DESCRIPTION OF THE TASK
No pictures go into the copy. Write out every line below exactly.

(INPUT DATA)

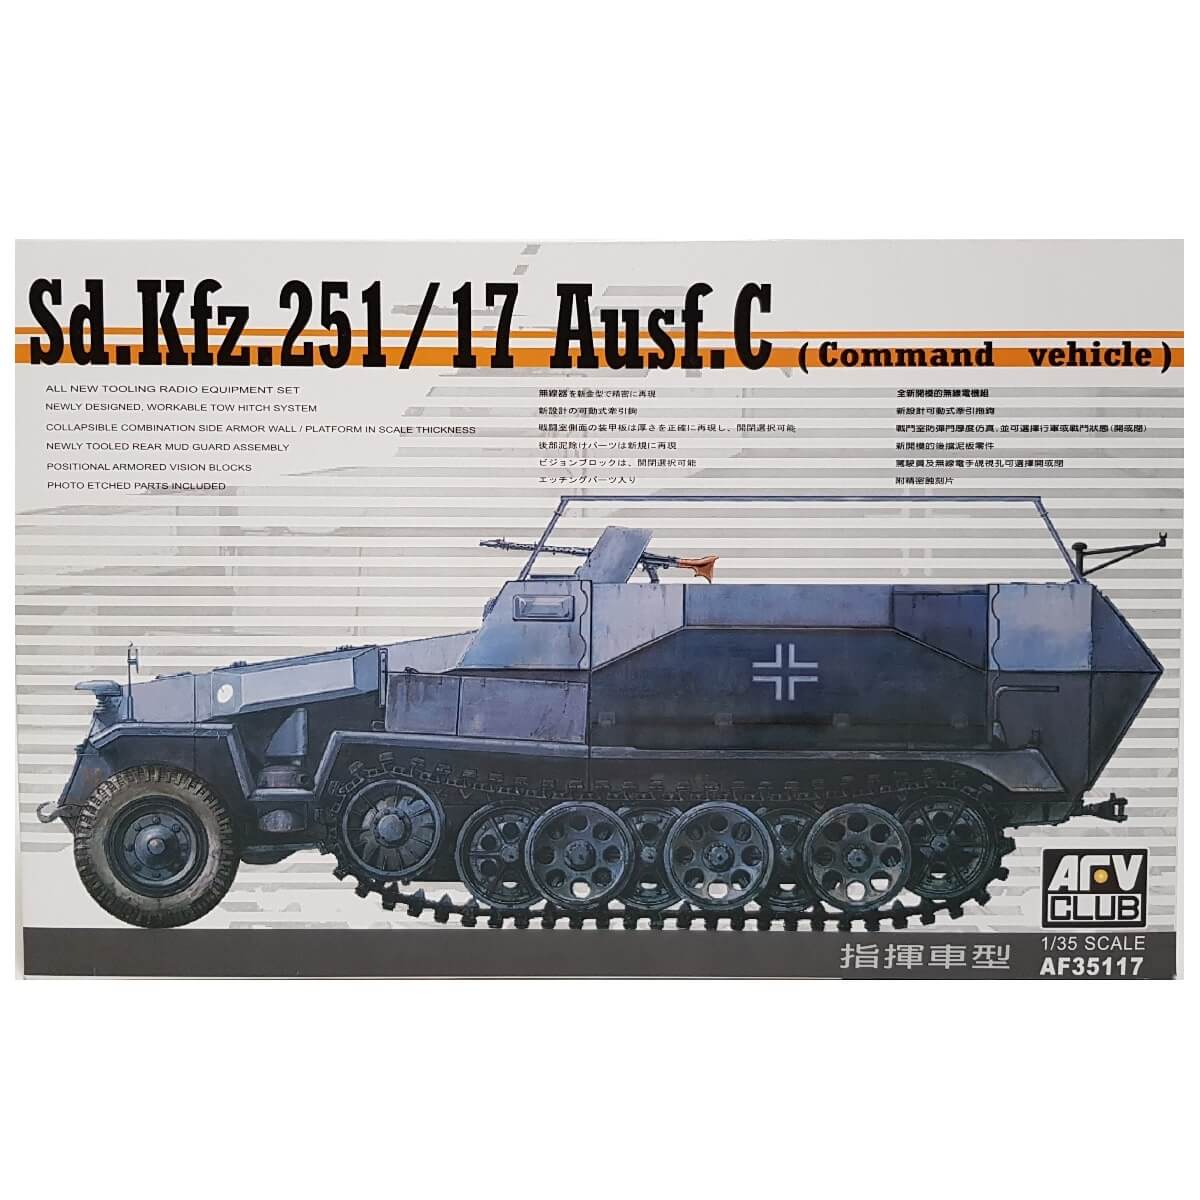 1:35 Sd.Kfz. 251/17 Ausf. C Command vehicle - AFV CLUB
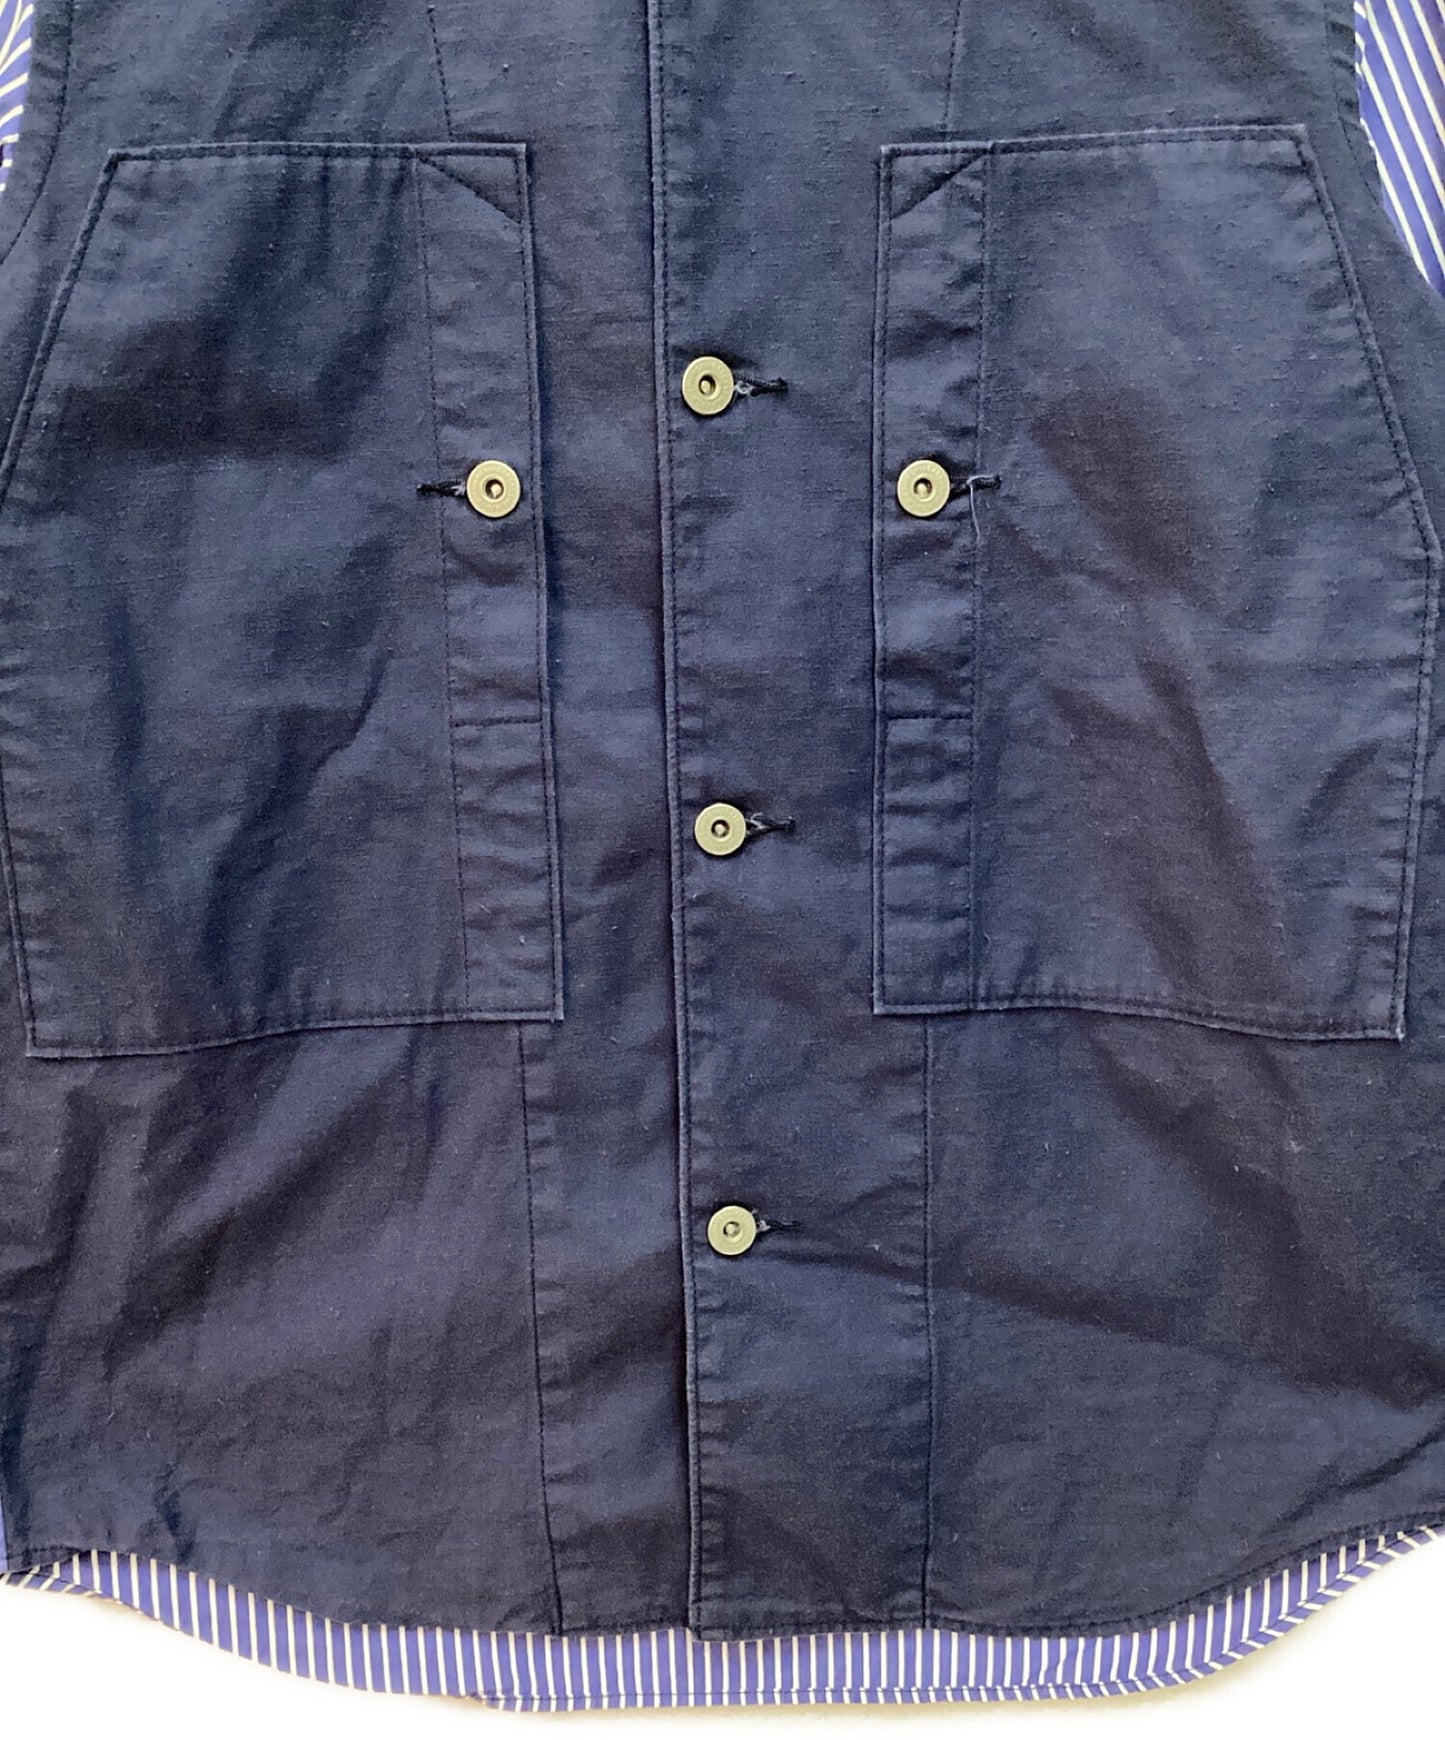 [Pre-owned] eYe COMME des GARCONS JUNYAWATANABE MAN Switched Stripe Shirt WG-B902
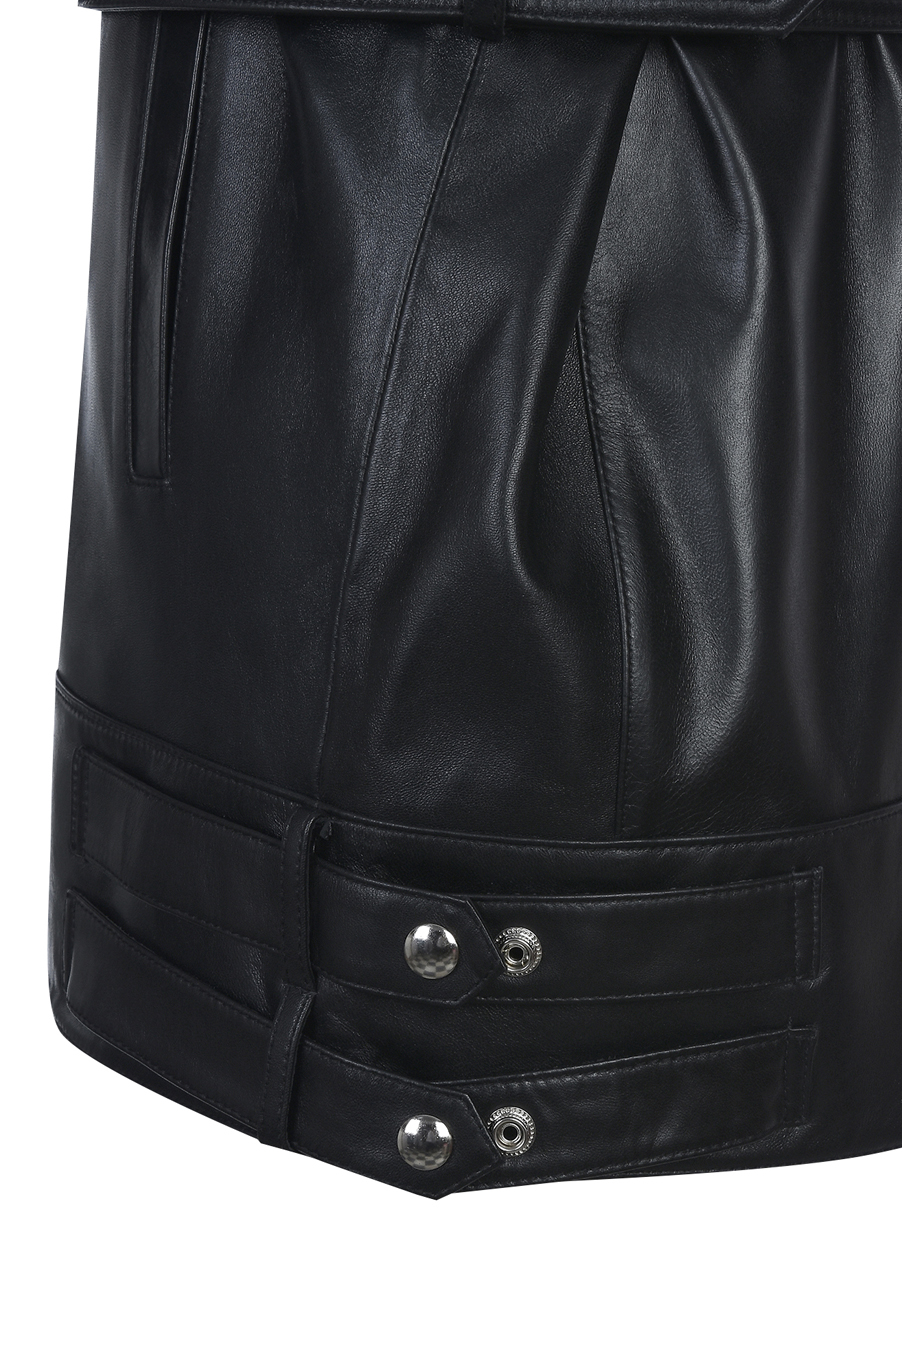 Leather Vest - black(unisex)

(End INPUT DATA)

REPLY TO THE EXERCISE
 1:35 Sd.Kfz. 251/17 Ausf. C Command vehicle - AFV CLUB
 [Pre-owned] eYe COMME des GARCONS JUNYAWATANABE MAN Switched Stripe Shirt WG-B902
 Leather Vest - black(unisex)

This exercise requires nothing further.